- _Task directions_
Please give back each line of the material unchanged, but without the images.
*** Data extract ***
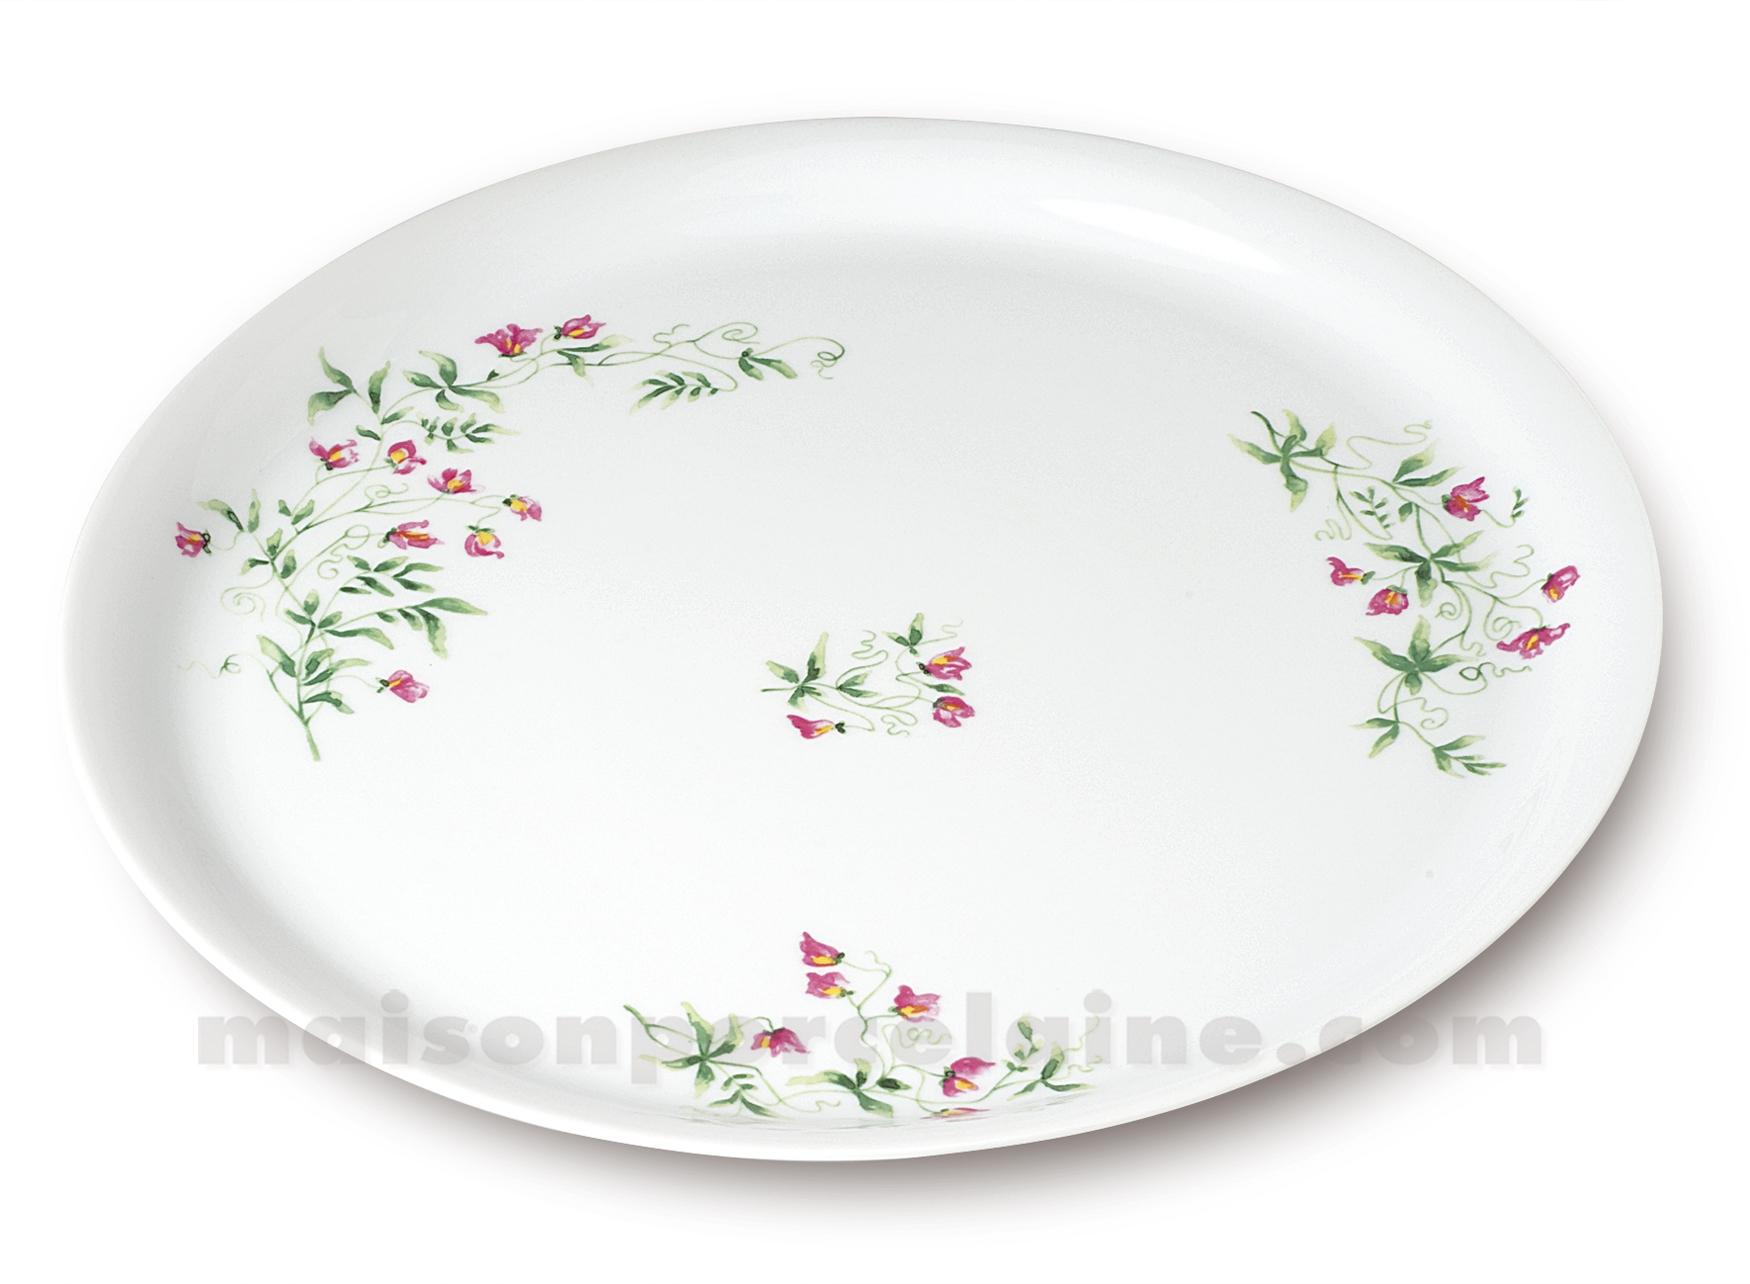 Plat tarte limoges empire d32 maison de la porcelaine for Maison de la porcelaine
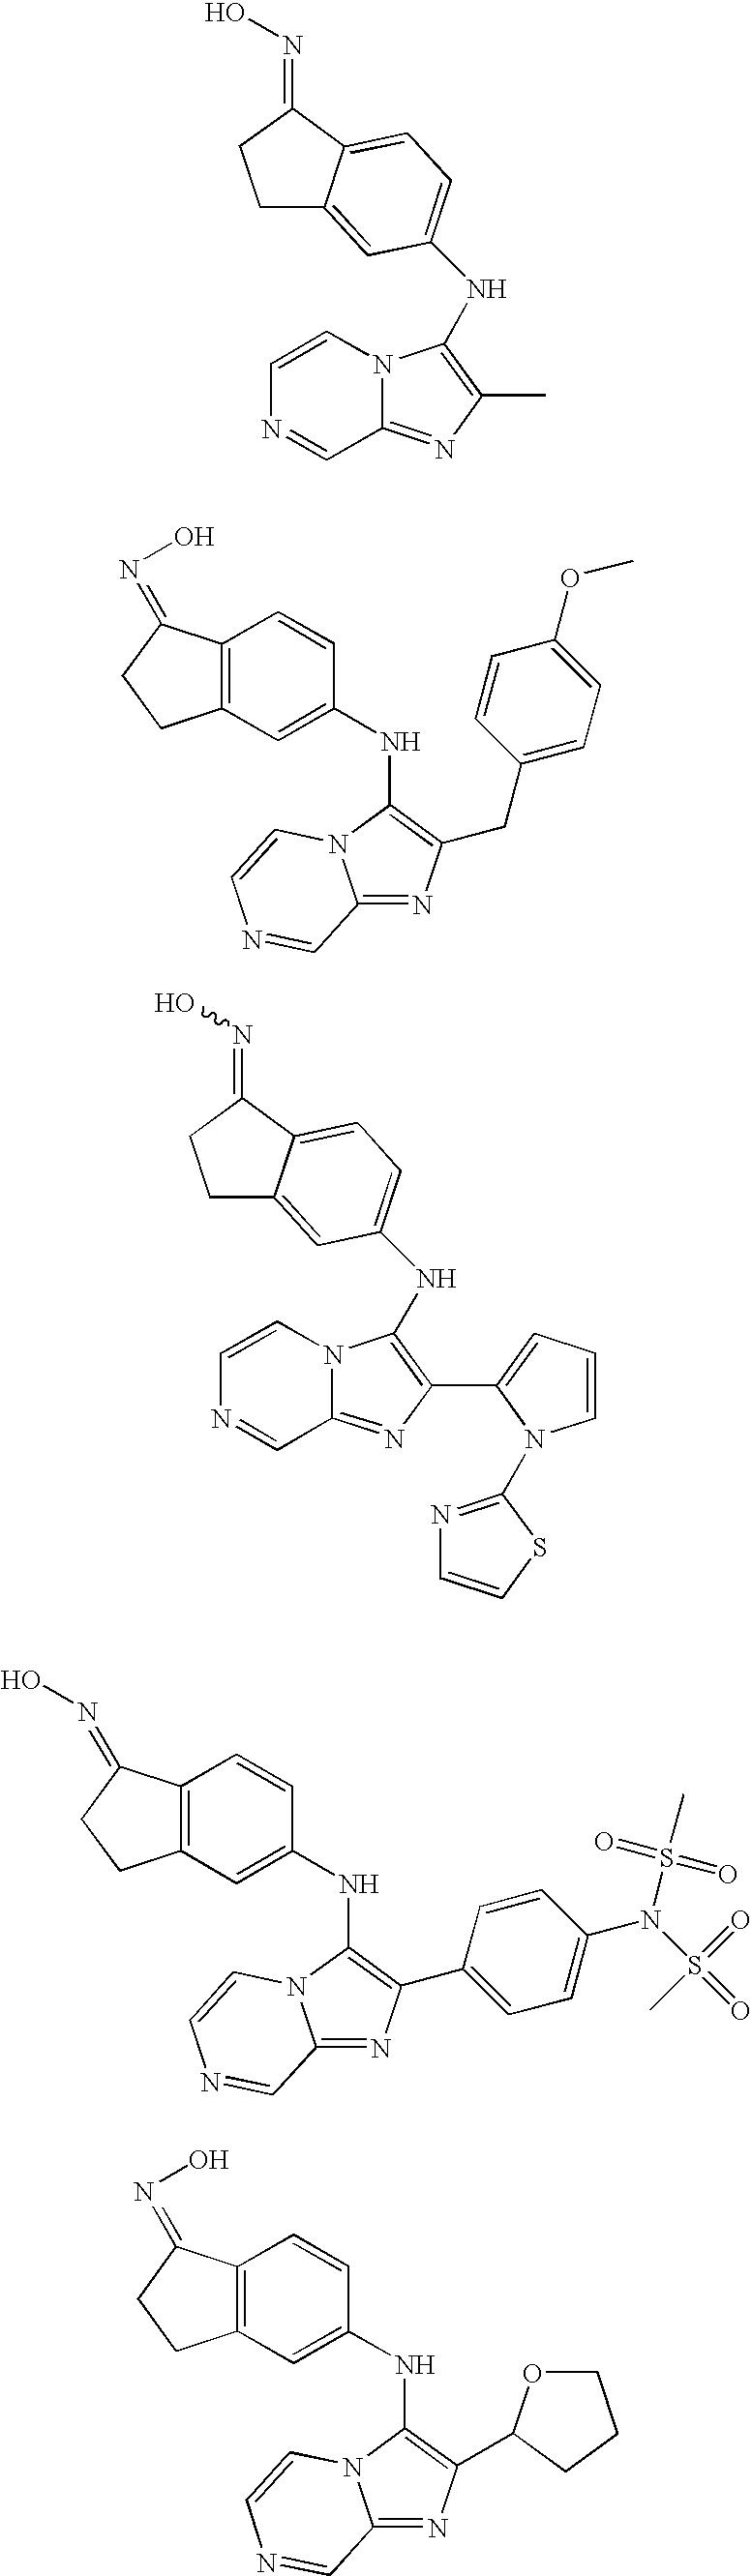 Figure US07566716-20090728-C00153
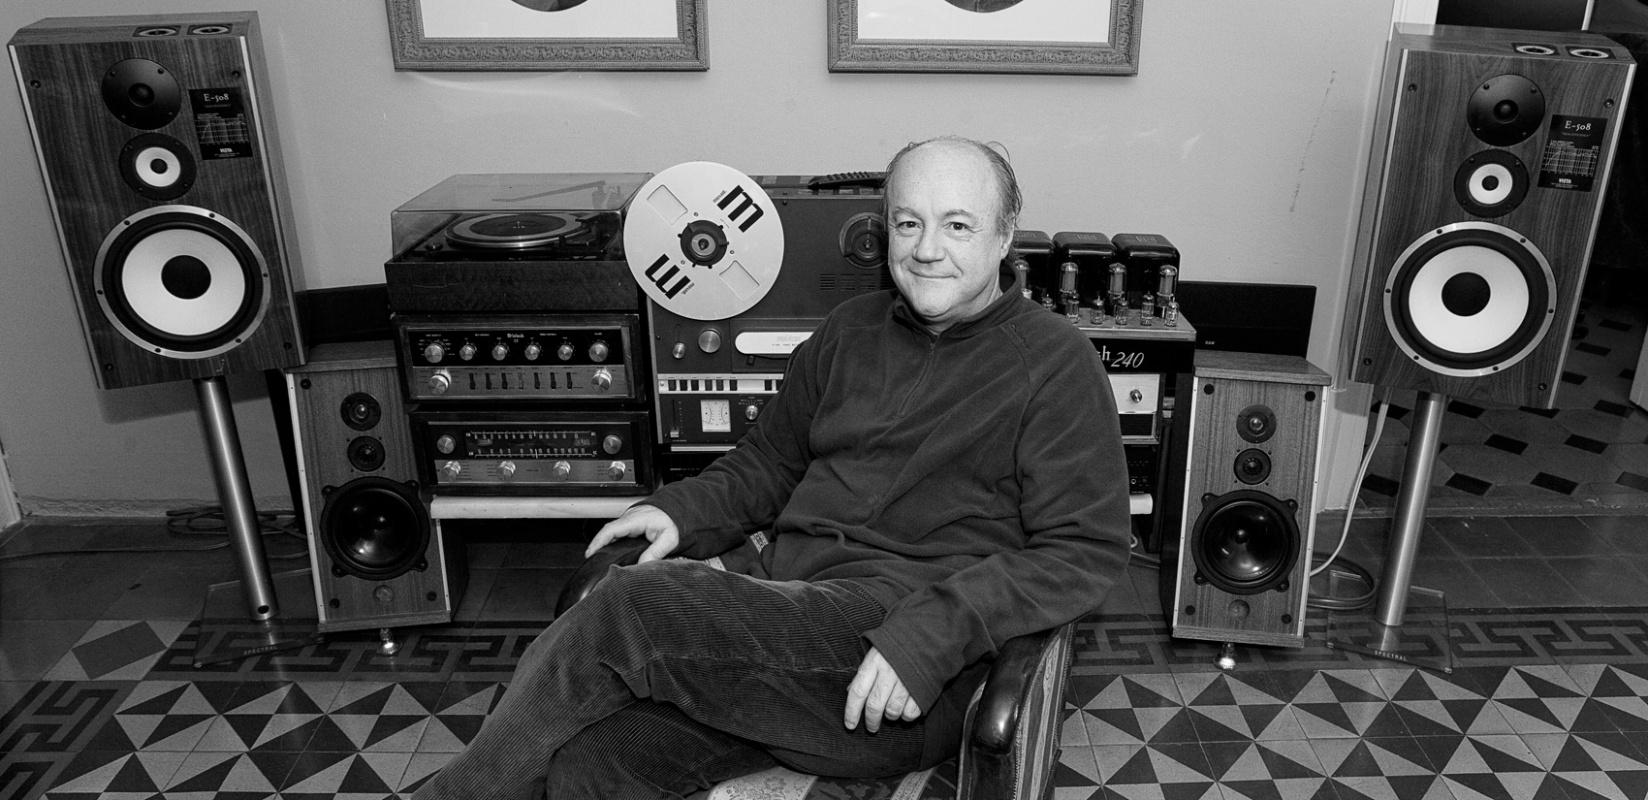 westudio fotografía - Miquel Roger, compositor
*** End of Data extract ***
- _Written solution_
 Plat tarte limoges empire d32 maison de la porcelaine for Maison de la porcelaine
 Figure US07566716-20090728-C00153
 westudio fotografía - Miquel Roger, compositor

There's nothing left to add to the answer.